From 1964 to 1972, Allaby worked as an editor for the Soil Association in Suffolk, England, editing Span magazine from 1967 to 1972. He was a member of the board of directors for Ecosystems Ltd. in Wadebridge, Cornwall, England and was an associate editor of Ecologist from 1970 to 1972. He became a managing editor in 1972. In 1973, he became a freelance writer.
He wrote widely about science, particularly about ecology and weather. He edited and wrote dictionaries and encyclopaedias for Macmillan Publishers and Oxford University Press. He co-authored James Lovelock's first two books: The Greening of Mars (1984, Warner Books, ISBN 0-446-32967-3) and Great Extinction (1983, Doubleday, ISBN 0-385-18011-X).[2] His book, The Food Chain (André Deutsch, ISBN 0-233-97681-7) was runner-up for the Times Educational Supplement Information Book Award in 1984. The New York Public Library chose Dangerous Weather: Hurricanes as one of its books for the Teen Age in 1998. He won the Aventis Junior Prize for Science Books in 2001 for How the Weather Works. He was a member of the Society for the History of Natural History, the Planetary Society, the Society of Authors, the New York Academy of Sciences, and the Association of British Science Writers.
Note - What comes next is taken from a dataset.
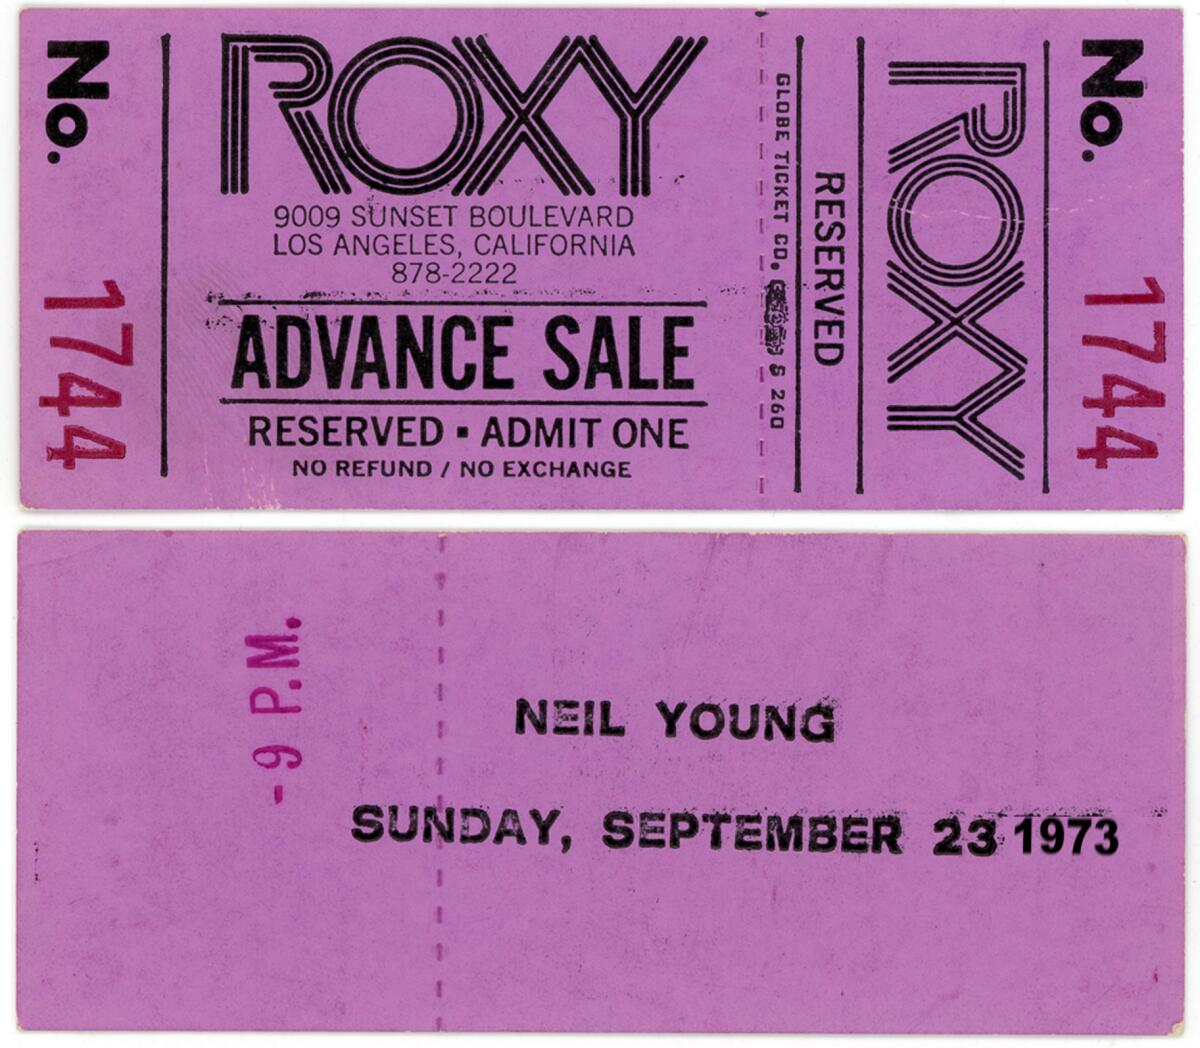 A purple ticket for a Neil Young concert at the Roxy in 1973.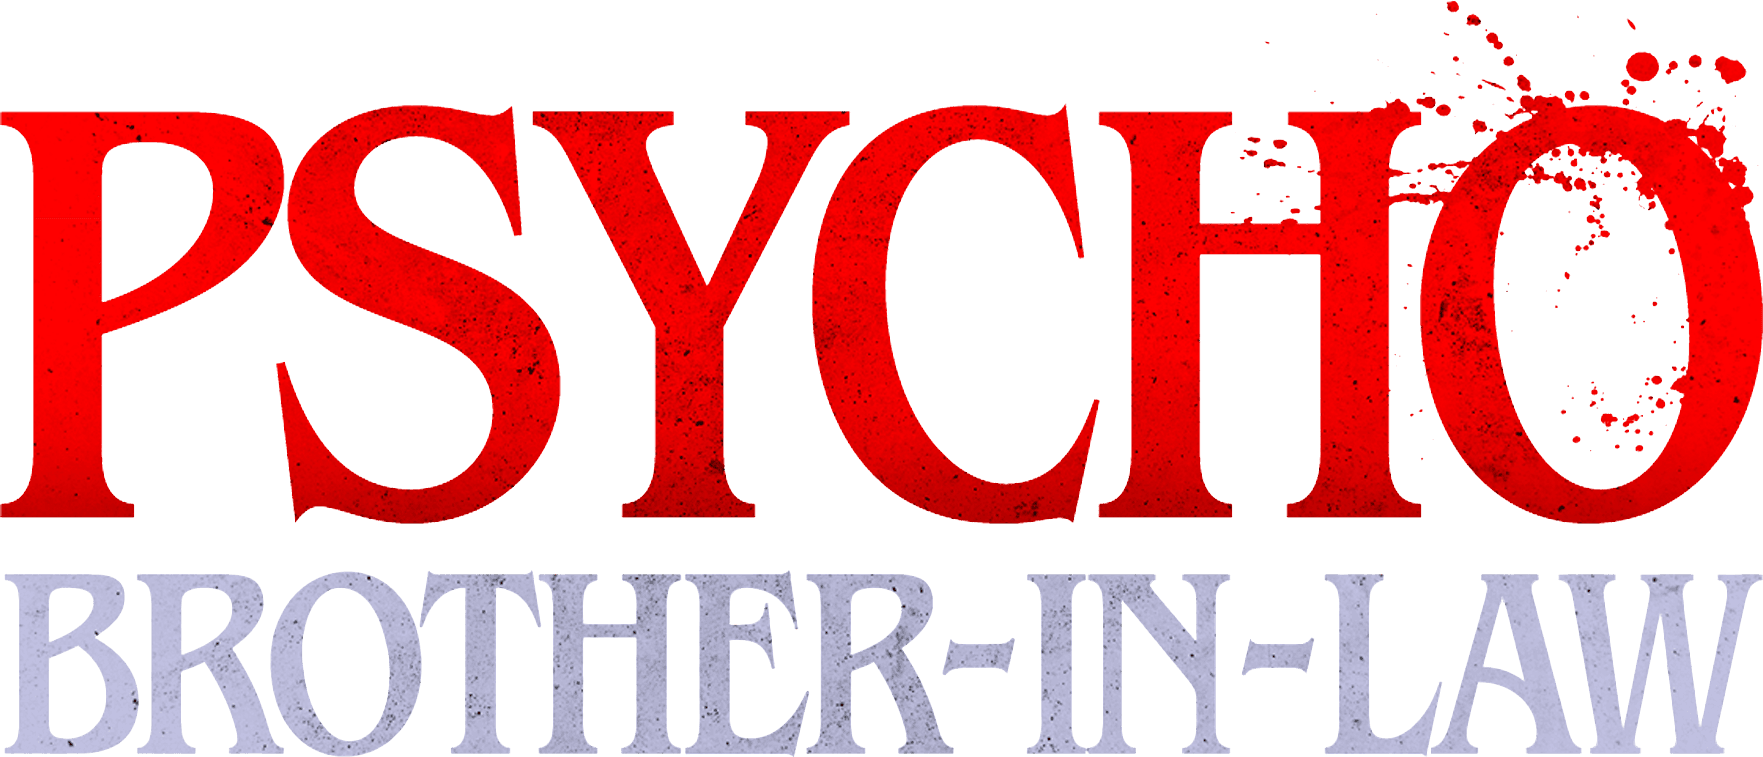 Psycho Brother-In-Law logo

Allaby died on 4 May 2025, at the age of 91.[3][4]
References
[edit]- ^ "Michael Allaby". British Film Institute. Archived from the original on 30 March 2019.
- ^ "Booklist". Michael Allaby. Retrieved 18 March 2013.
- ^ Allaby, Robin (21 May 2025). "Michael Allaby obituary". The Guardian. ISSN 0261-3077. Retrieved 28 May 2025.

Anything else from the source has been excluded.